Видя, что все благоприятствует моему замыслу, я вывел слепца из галереи и поставил прямо против одного из каменных столбов, которые высились на площади и на которых держались выступы зданий.
— Дяденька, — сказал я, — вот здесь самый узкий переход через ручей.
Дождь по-прежнему лил как из ведра, бедняга промок, мы спешили уйти от потоков воды, низвергавшихся на нас сверху, а самое главное, Господь в это мгновение затемнил разум слепца, дабы я мог отомстить, вот почему слепец поверил мне и сказал:
— Поставь меня, где лучше, и прыгай через ручей.
Я поставил его прямо перед столбом и, прыгнув, спрятался за столб, точно за мной гнался бык.
— А ну, прыгайте как можно дальше, — крикнул я, — а иначе попадете в воду!
Едва успел я произнести эти слова, как бедный мой слепец помотал головой, словно козел, отошел на шаг назад, чтобы подальше прыгнуть, а затем стремительно бросился вперед, стукнулся головой о столб, который даже загудел от мощного удара, и тотчас же упал навзничь, полумертвый, с разбитою головою.

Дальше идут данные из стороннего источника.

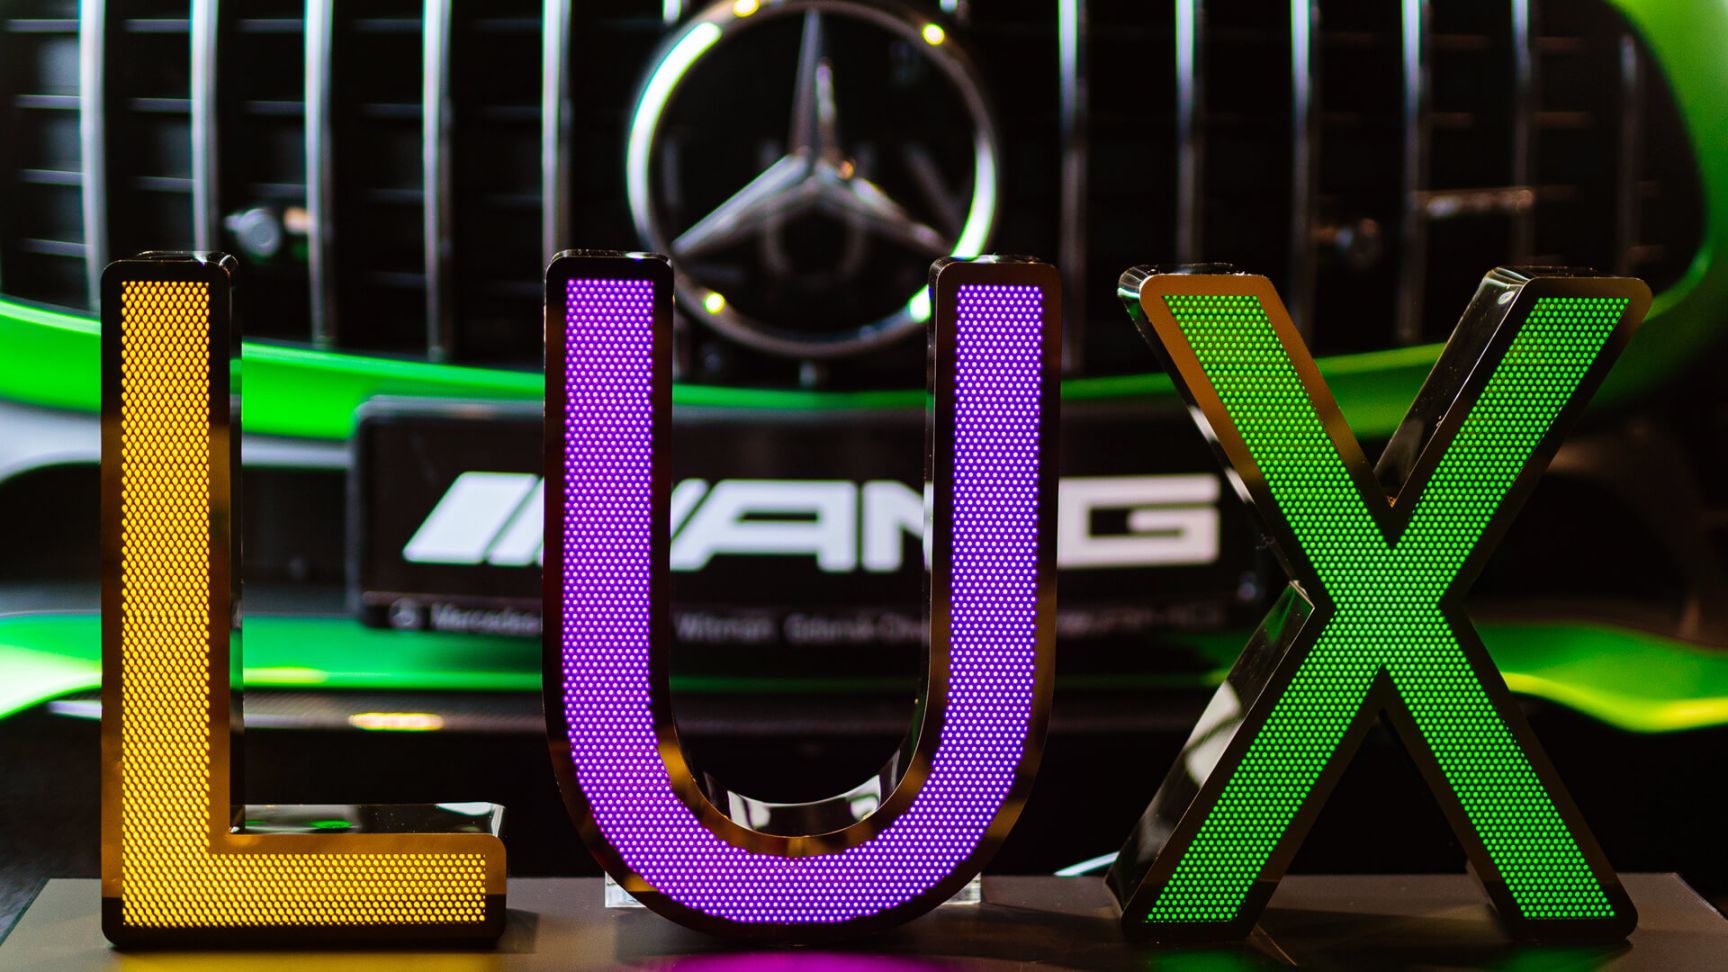 Letras de acero inoxidable perforadas LUX - Letras LUX de acero inoxidable perforado, iluminadas con LED en tres colores, sobre fondo Mercedes
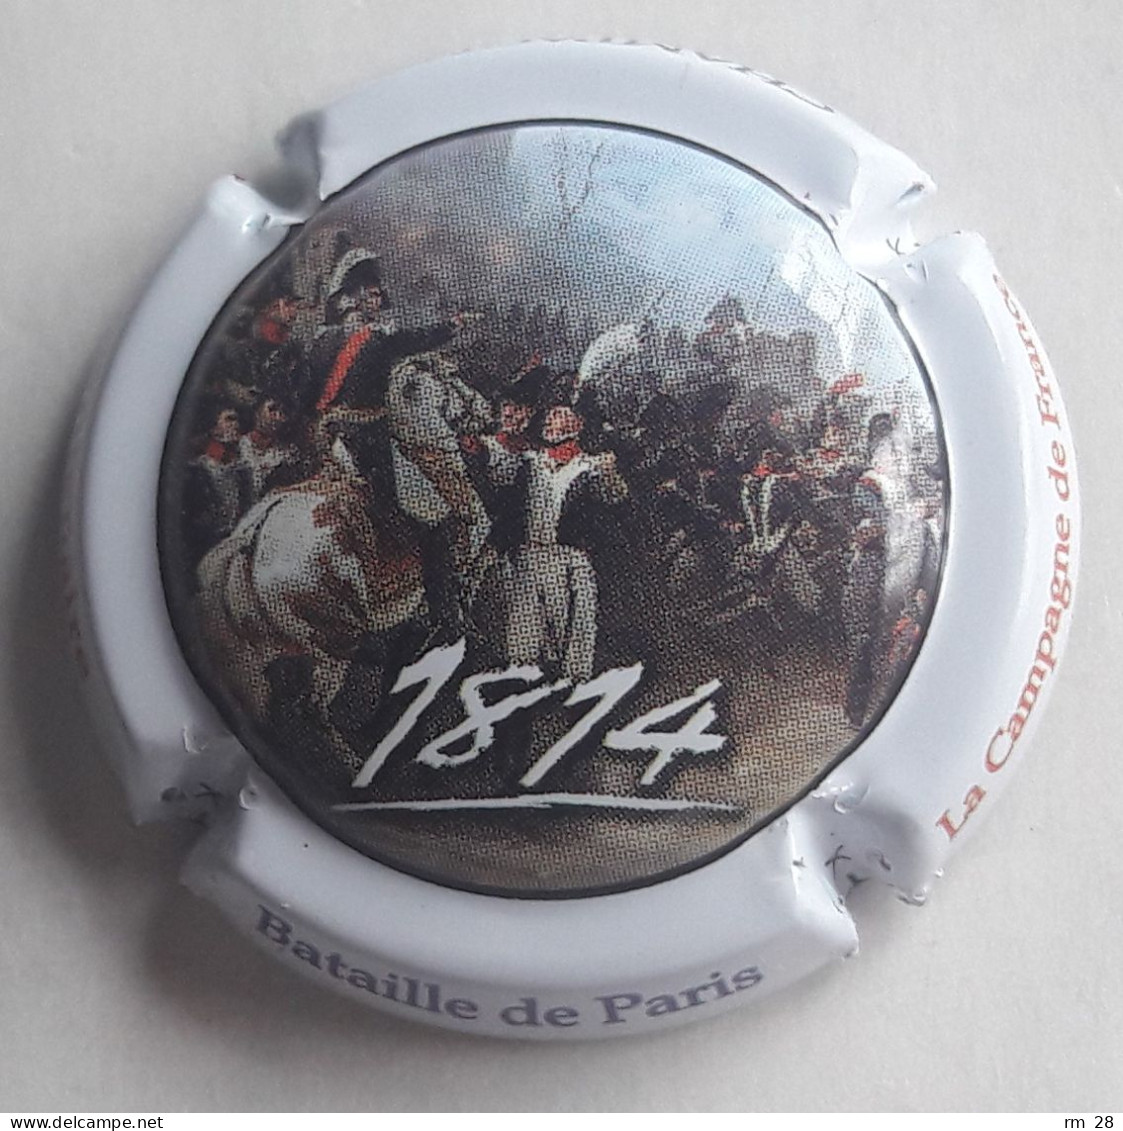 Génériques Napoléon bicentenaire de la campagne de France : 12 capsules n° 902 à 902.k (BE/TBE) série complète

— Как же ты колбасу-то разнюхал, а столба не сумел? Так тебе и надо, — сказал я и, завидев множество народу, спешившего ему на помощь, бегом пустился из городских ворот и еще засветло добрался до Торрихоса. Что сталось со слепцом после, я так и не узнал, да и не пытался узнать.
Рассказ второй
Как Ласаро устроился у священника и что с ним случилось
На другой день, не чувствуя себя в безопасности, я отправился в местечко, называемое Македа, — там в наказание за мои грехи повстречался мне некий поп и, когда я подошел к нему за милостыней, спросил, умею ли я прислуживать за обедней. Я ответил, что умею, и так оно и было, ибо слепой греховодник хоть и дурно со мной обращался, а все же научил меня множеству полезных вещей, в том числе и прислуживать. В конце концов священник взял меня к себе.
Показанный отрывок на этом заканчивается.